▶ TASK OBJECTIVE:
The task for the listing below is to write out exactly the lines starting at the one containing "Back to School" and ending at the one containing "Instant Piano Course Details", both included. Pictures are to be omitted.

THE DATA START

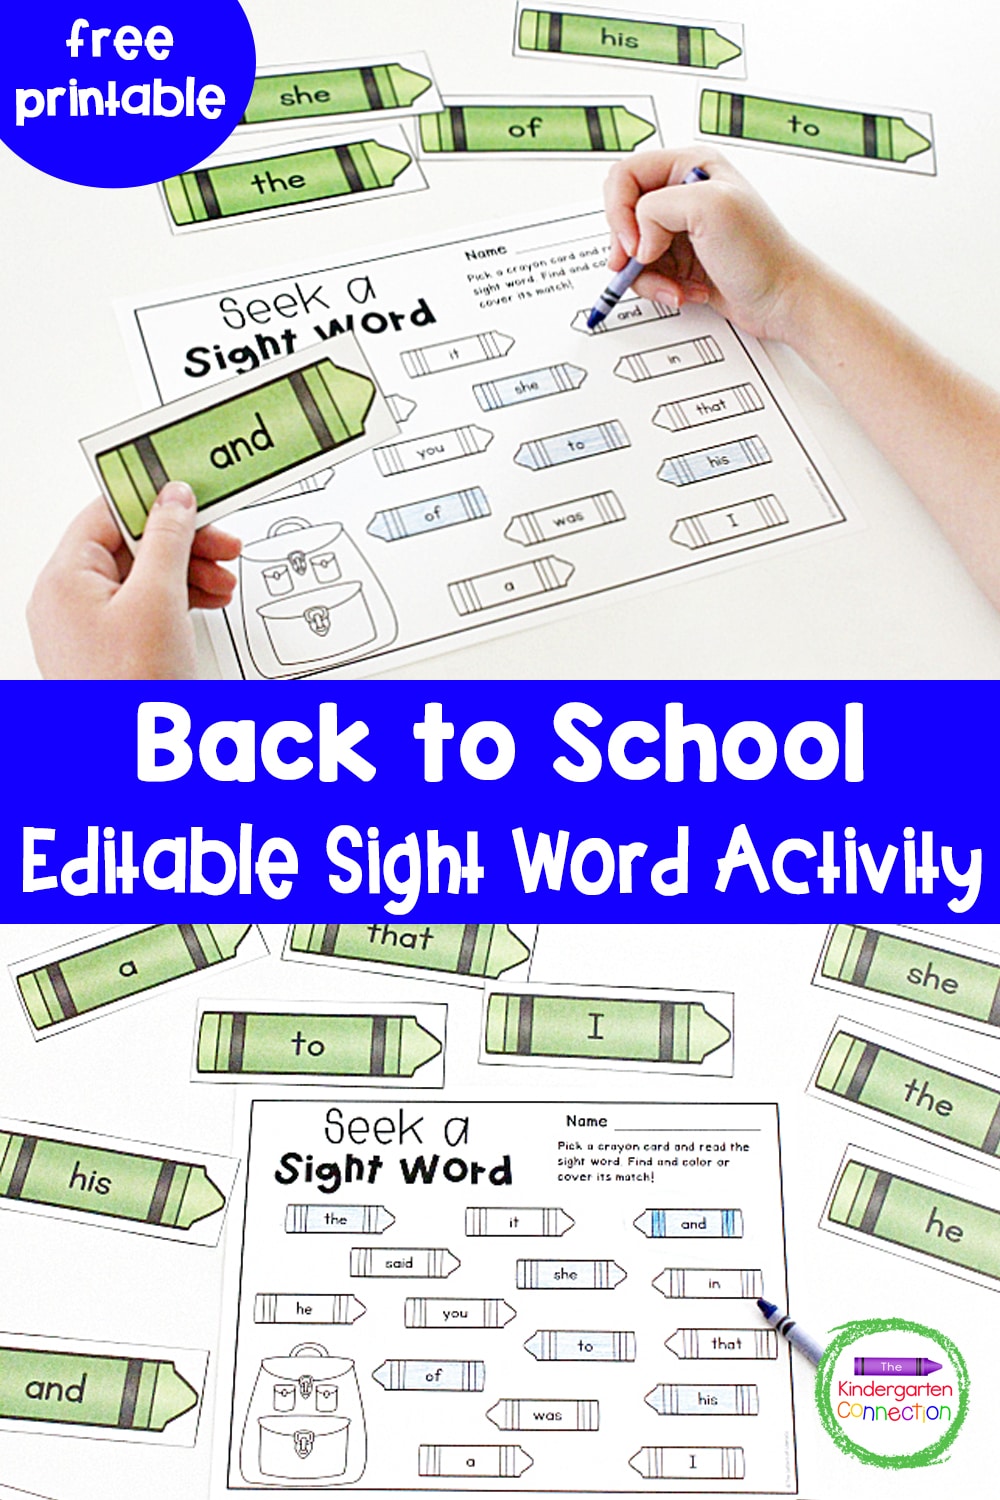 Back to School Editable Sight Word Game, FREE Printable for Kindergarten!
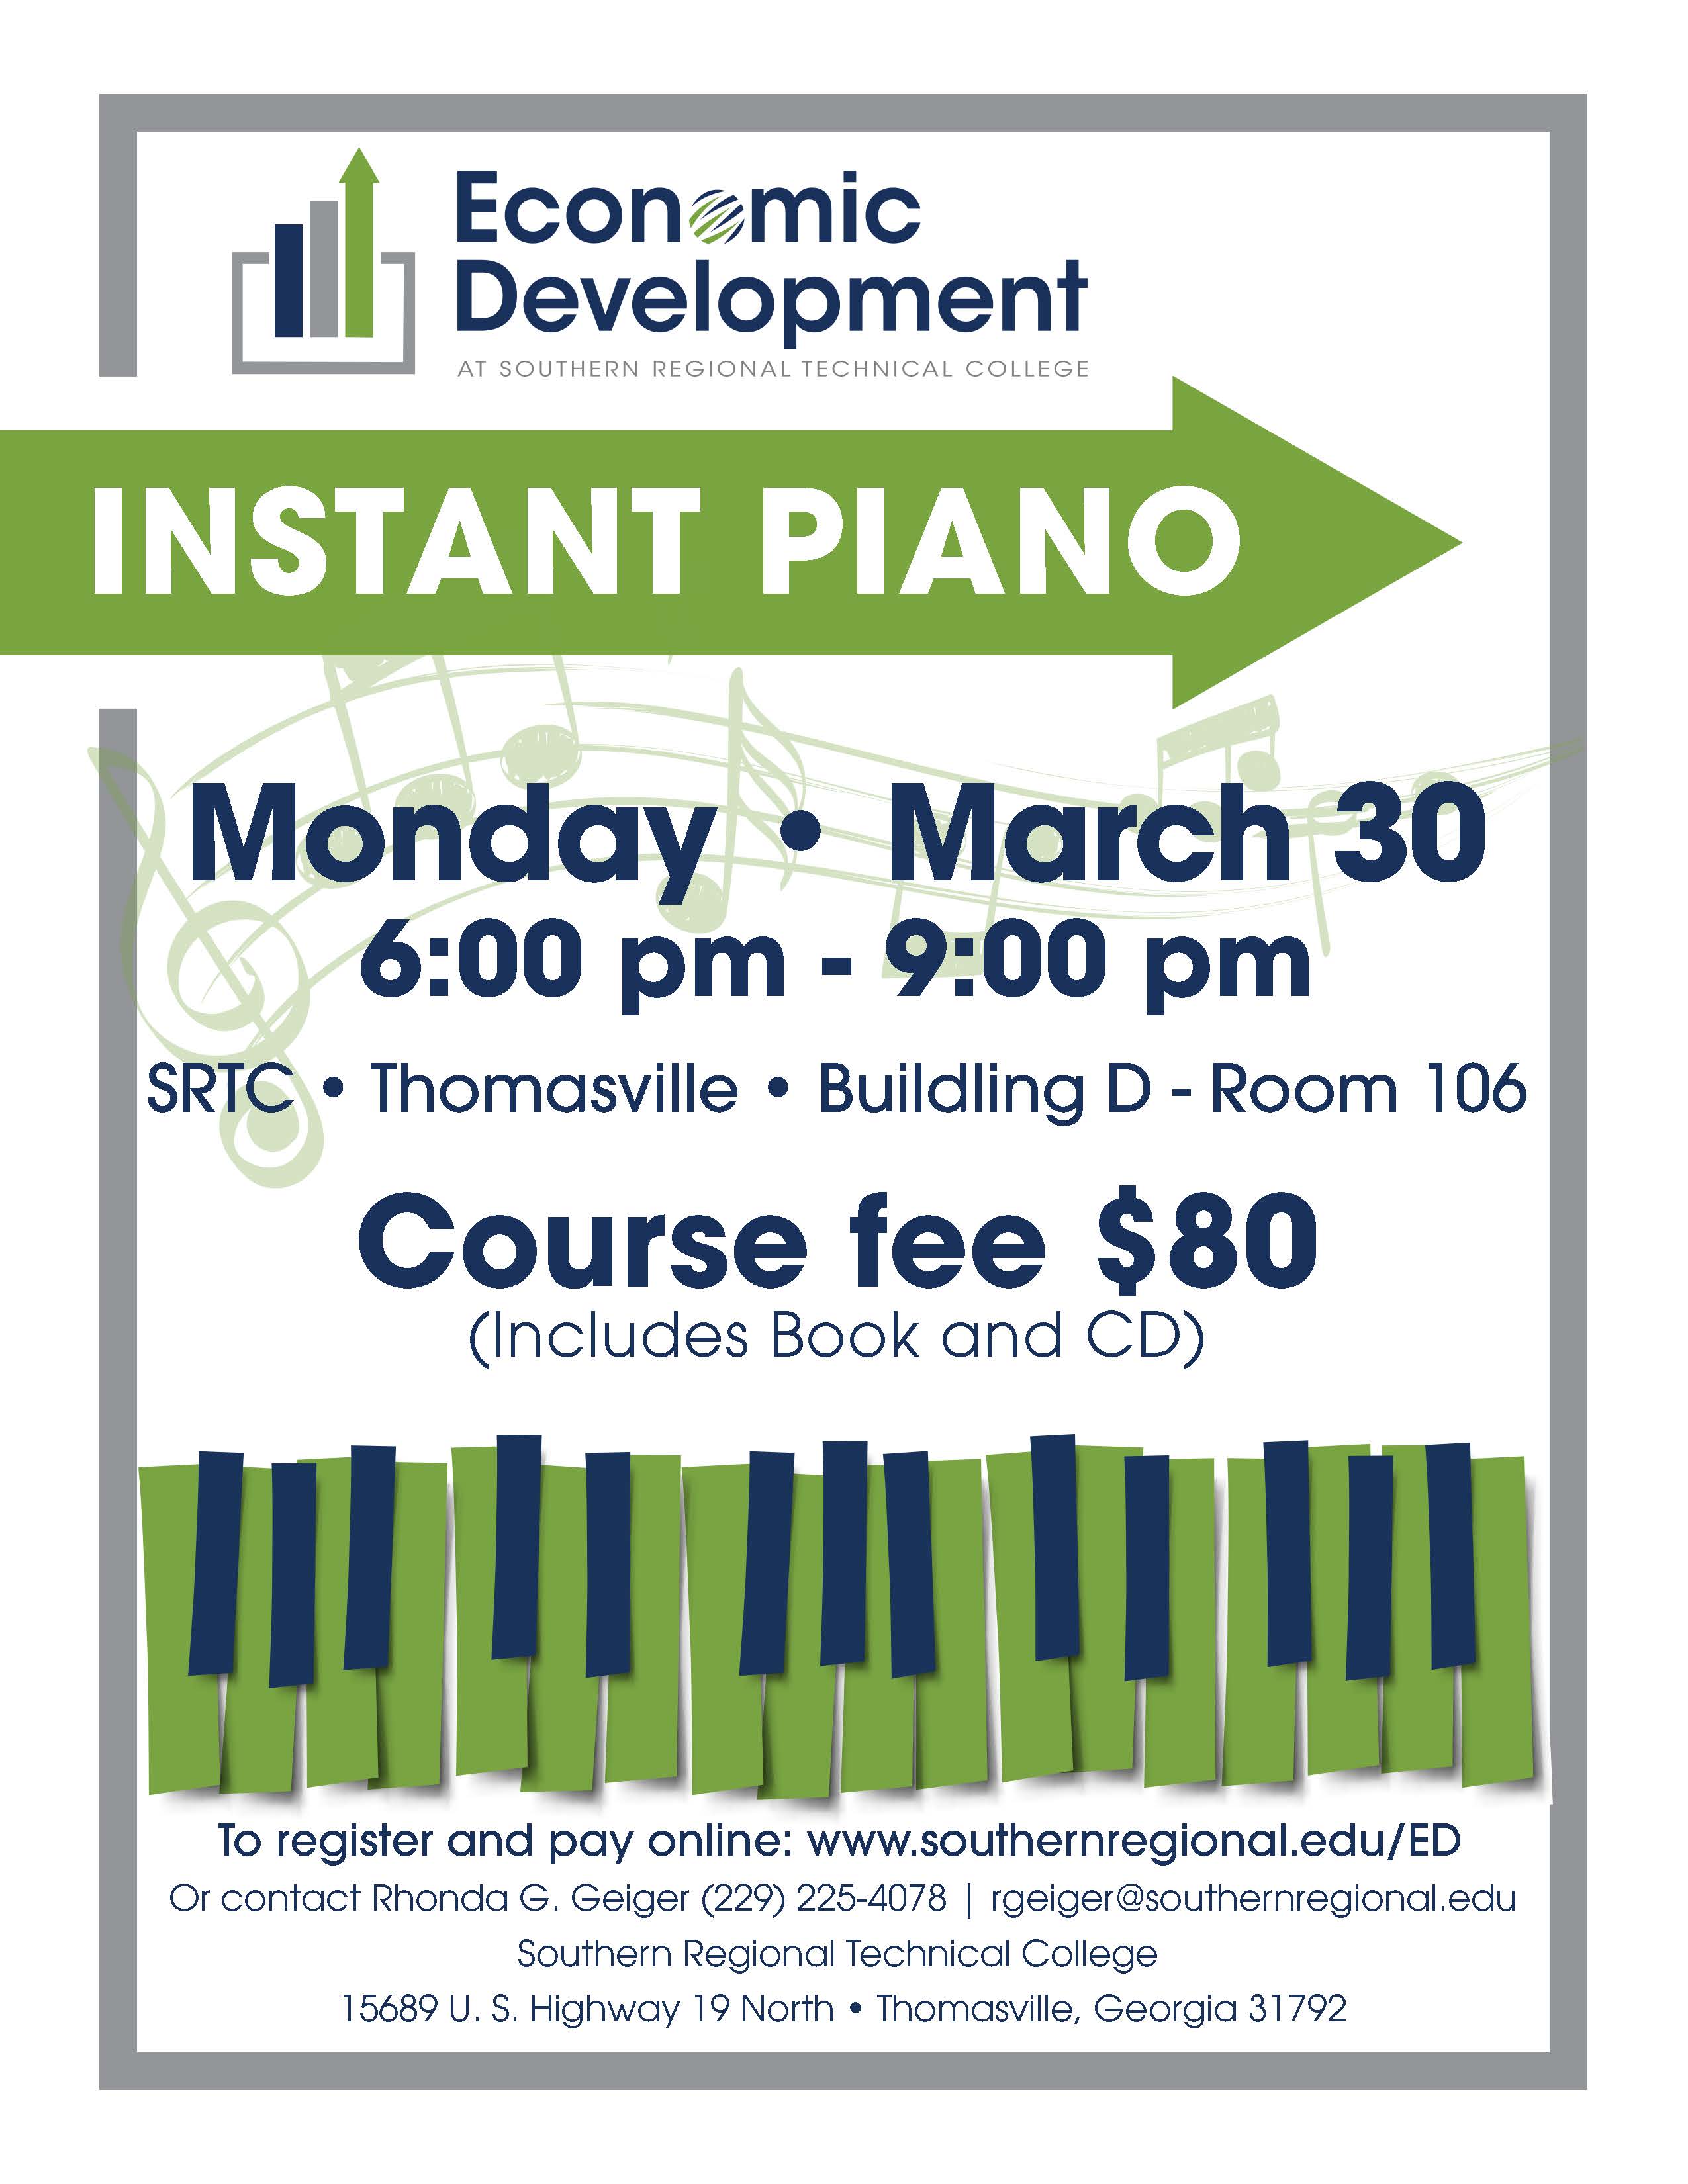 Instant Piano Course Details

THE DATA END
THE DATA START

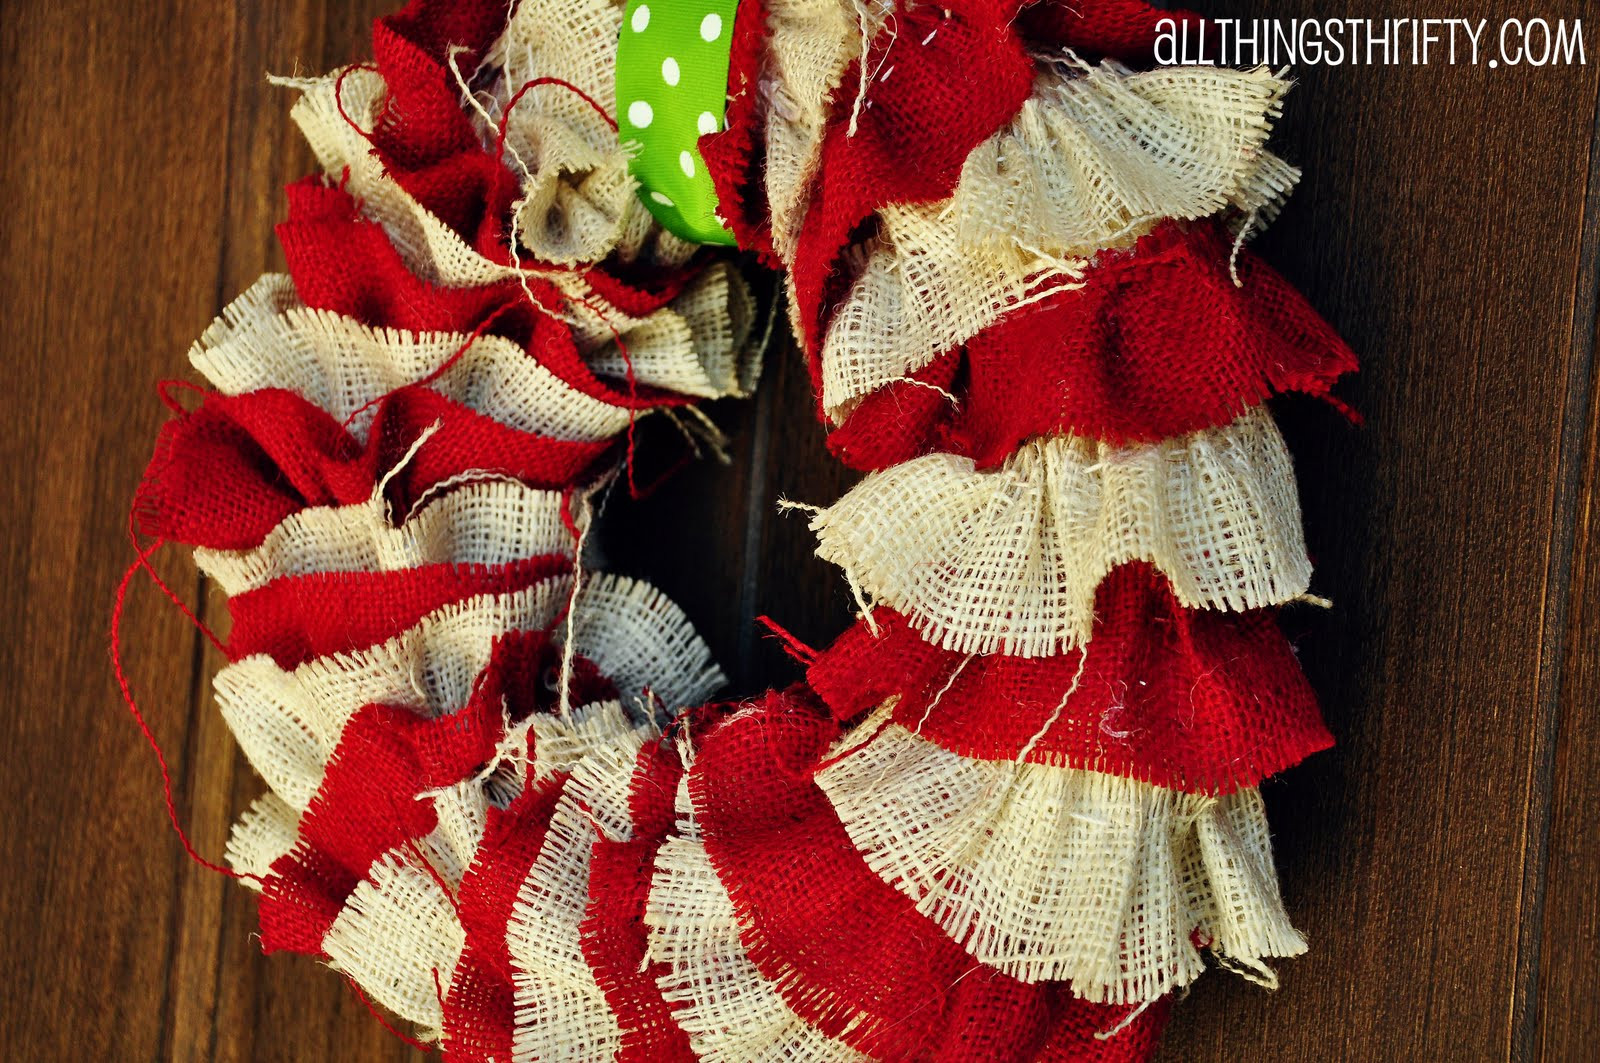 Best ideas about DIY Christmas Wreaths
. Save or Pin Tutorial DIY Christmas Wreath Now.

THE DATA END

▶ WRITTEN RESPONSE:
 Back to School Editable Sight Word Game, FREE Printable for Kindergarten!
 Instant Piano Course Details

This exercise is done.